# Ccw holders



## Gone Wishin (Mar 16, 2013)

What do you carry? Curious to see what we all defend our lives with. Glock 26 here for everyday carry. 

posted using Outdoor Hub Campfire


----------



## M.Magis (Apr 5, 2004)

Ruger LC9. Wouldn't mind getting a .380 one of these days, and a .40 at some point too. So many options.


----------



## Bonecrusher (Aug 7, 2010)

G27 in a super tuck, Gerber folding pocket knife.


----------



## 419deerhunter (Mar 23, 2011)

Taurus 738 TCP .380 loaded with hornaday critical defense rounds


----------



## IGbullshark (Aug 10, 2012)

Ruger LC9. i love it


----------



## mrtwister_jbo (Apr 7, 2004)

colt agent 38sp ////// fed 110gr hydra shok is my everyday carry but every once in a while i break out my 9mm tauras 99 with a couple of 15rd mags loaded with 124gr hydra shoks
twister
ps like the old american express ad ''' don't leave home without it'''


----------



## DavidH (Apr 1, 2009)

GLOCK 26 or 36


Posted using Outdoor Hub Campfire


----------



## SMBHooker (Jan 3, 2008)

IGbullshark said:


> Ruger LC9. i love it


Ditto! But, if I ever find a Shield available I'll switch to that. Had a chance to shoot 100 rounds from the shield and it felt right and shot true!! 


Posted using Outdoor Hub Campfire


----------



## Misdirection (Jul 16, 2012)

S&W Bodyguard .380

posted using Outdoor Hub Campfire


----------



## MuskieWolverine (May 16, 2012)

Glock 19 and LC9(summer)


Posted using Outdoor Hub Campfire


----------



## IGbullshark (Aug 10, 2012)

SMBHooker said:


> Ditto! But, if I ever find a Shield available I'll switch to that. Had a chance to shoot 100 rounds from the shield and it felt right and shot true!!
> 
> 
> Posted using Outdoor Hub Campfire


Really? i have pretty much always stuck with ruger. as far as pistols go i have never owned any other brand but i am thinking of picking up an M&P 9.


----------



## Gone Wishin (Mar 16, 2013)

Shoot a glock.. 

posted using Outdoor Hub Campfire


----------



## SMBHooker (Jan 3, 2008)

IGbullshark said:


> Really? i have pretty much always stuck with ruger. as far as pistols go i have never owned any other brand but i am thinking of picking up an M&P 9.


Yeah the M&P fit like a glove and the groupings were on top of each other from 10 yrds - 20 yrds.

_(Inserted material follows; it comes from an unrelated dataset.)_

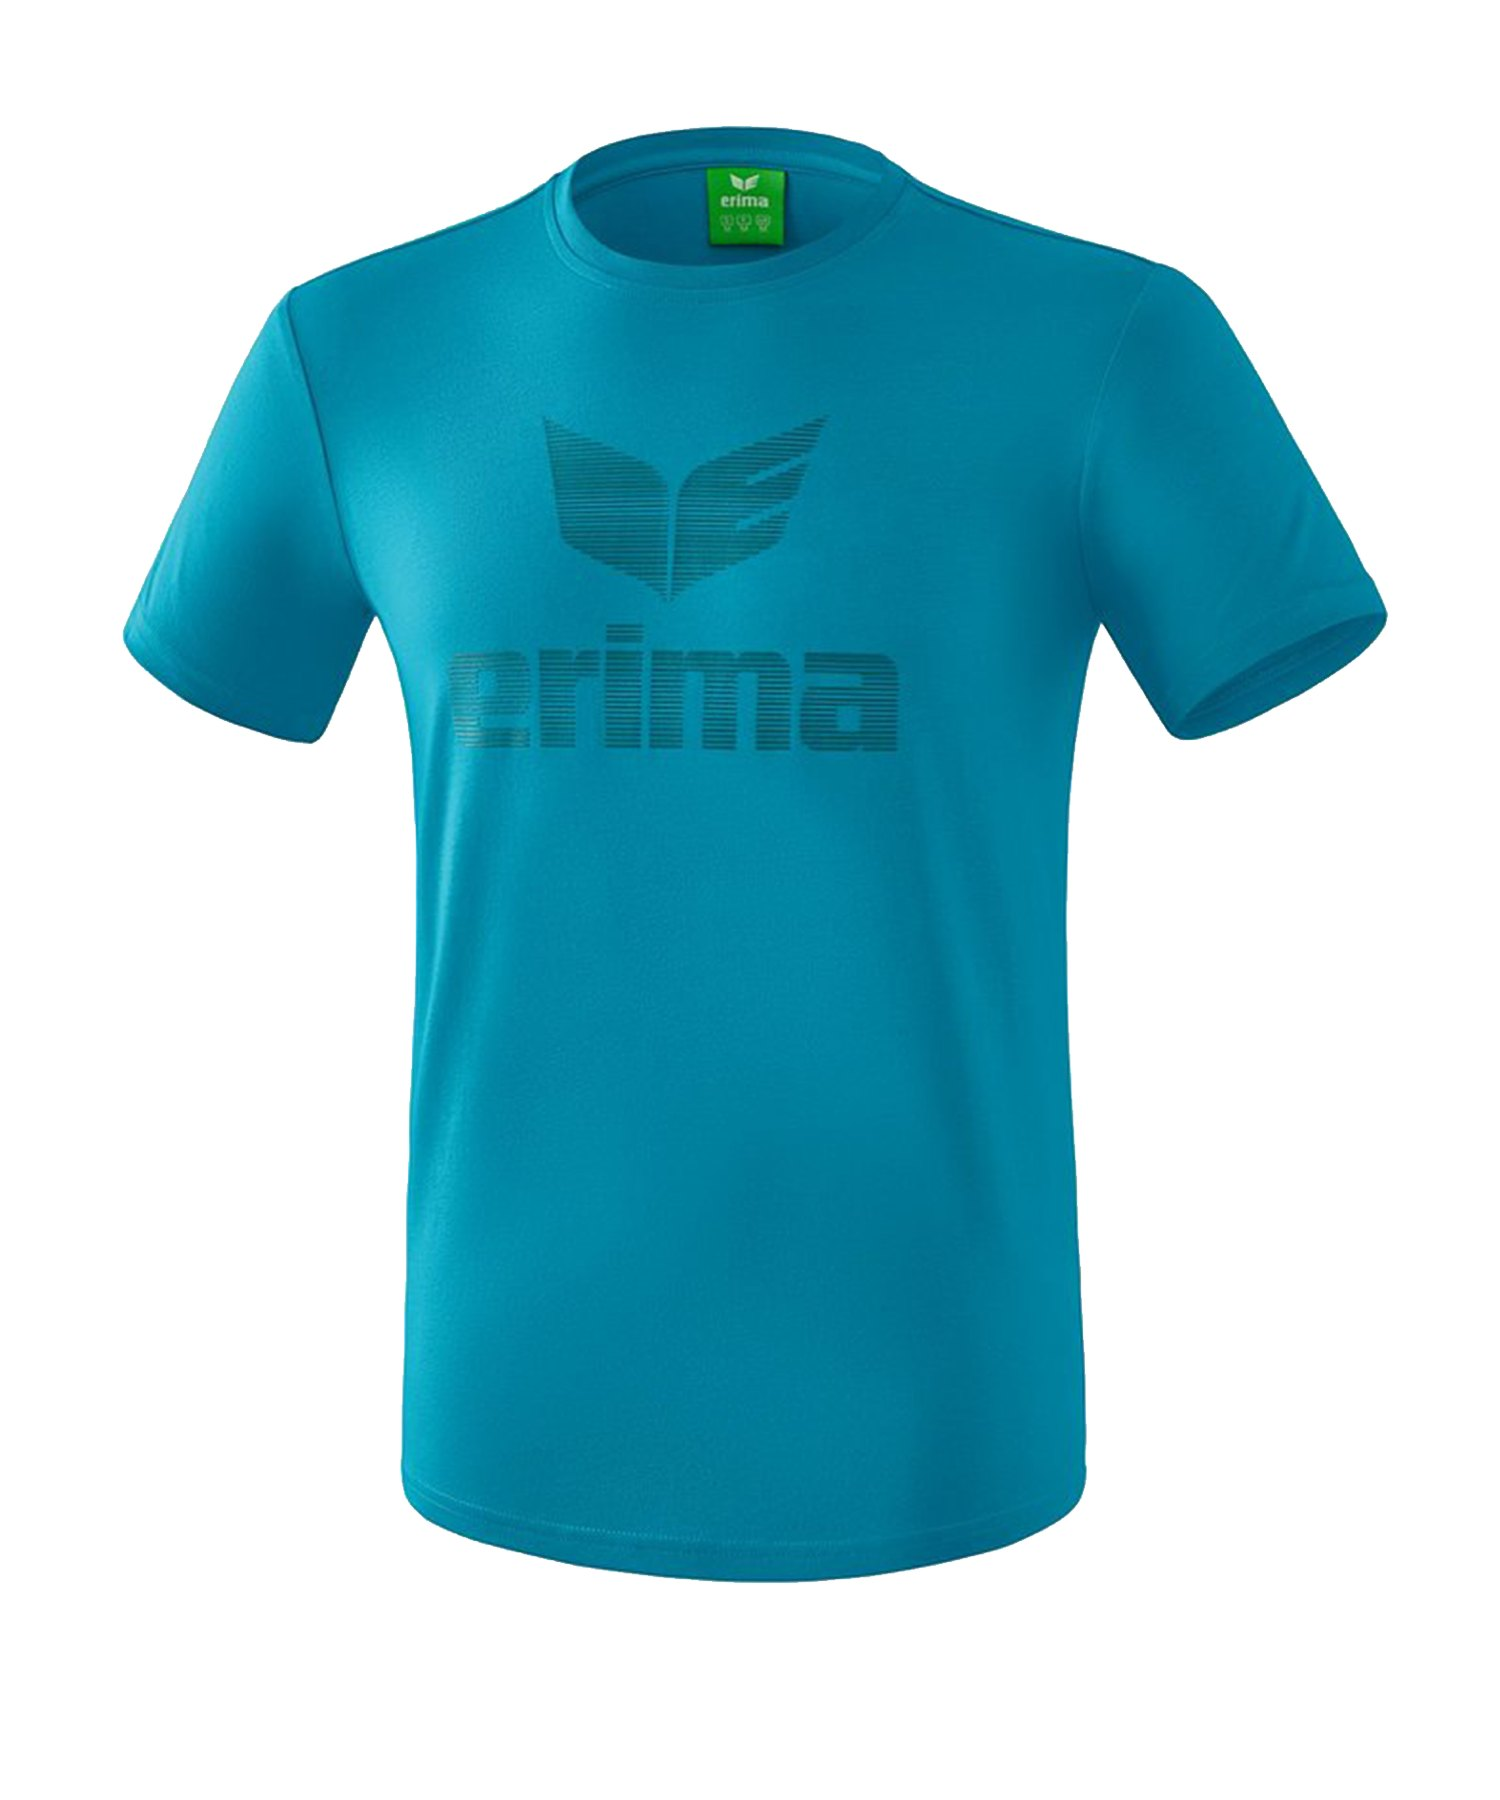 Erima Essential T-Shirt Kids Blau - Blau

I was real surprised at its performance. 


Posted using Outdoor Hub Campfire


----------



## EitherFishOrCutBait (Apr 20, 2008)

Sig sauer p238 .380 with integrated laser...very comfortable love this gun.


Posted using Outdoor Hub Campfire


----------



## bobk (Apr 30, 2004)

Most of the time Kimber Crimson Ultra Carry or Sig p238.


----------



## alighthouse (Jul 24, 2006)

Either Springfield XDS 45 Or M&P 9C both shot great & fits like a glove

posted using Outdoor Hub Campfire


----------



## Huntinbull (Apr 10, 2004)

Glock 22 in a Bianchi Black Widow leather holster, 2 spare mags in a Fobus paddle carrier, Kershaw Compound folder.


----------



## samfishdyt (Sep 15, 2010)

SMBHooker said:


> Yeah the M&P fit like a glove and the groupings were on top of each other from 10 yrds - 20 yrds. I was real surprised at its performance. QUOTE]
> 
> +1 I love it. Great gun.


----------



## DavidH (Apr 1, 2009)

SMBHooker said:


> Ditto! But, if I ever find a Shield available I'll switch to that. Had a chance to shoot 100 rounds from the shield and it felt right and shot true!!
> 
> 
> Posted using Outdoor Hub Campfire


I had a 9mm Shield and I just hated it. I guess I'm too trained on my glocks


Posted using Outdoor Hub Campfire


----------



## eatinbass (Aug 6, 2012)

Glock 17 or Bersa 380


Posted using Outdoor Hub Campfire


----------



## SMBHooker (Jan 3, 2008)

DavidH said:


> I had a 9mm Shield and I just hated it. I guess I'm too trained on my glocks
> 
> 
> Posted using Outdoor Hub Campfire


Could come down to a something simple as ergonomics, dunno? The Glock just doesn't fit me well . . . nothing wrong with a Glock that's for sure. 


Posted using Outdoor Hub Campfire


----------



## ezbite (May 25, 2006)

Sig P239 for everyday carry, but if im heading to the lake, the woods or cleveland, i carry the G23


----------



## boatnut (Nov 22, 2006)

Sig P938, with CZ compact 9mm in truck


----------



## fredg53 (Sep 17, 2010)

Lcr .38 

posted using Outdoor Hub Campfire


----------



## mck1975 (Jun 18, 2009)

Springfield XD-40 4" service model and Walther PK380 (truck gun).

Waiting on the XDs in 9mm.


----------



## Parttime (May 4, 2012)

Ruger LCR in 357 mag. 


Posted using Outdoor Hub Campfire


----------



## Orlando (Apr 12, 2004)

Dan Wesson CCO 45 ACP


----------



## fishincontrol (Jul 9, 2009)

Taurus PT709 with a sticky holster. Carries great, shoots ok.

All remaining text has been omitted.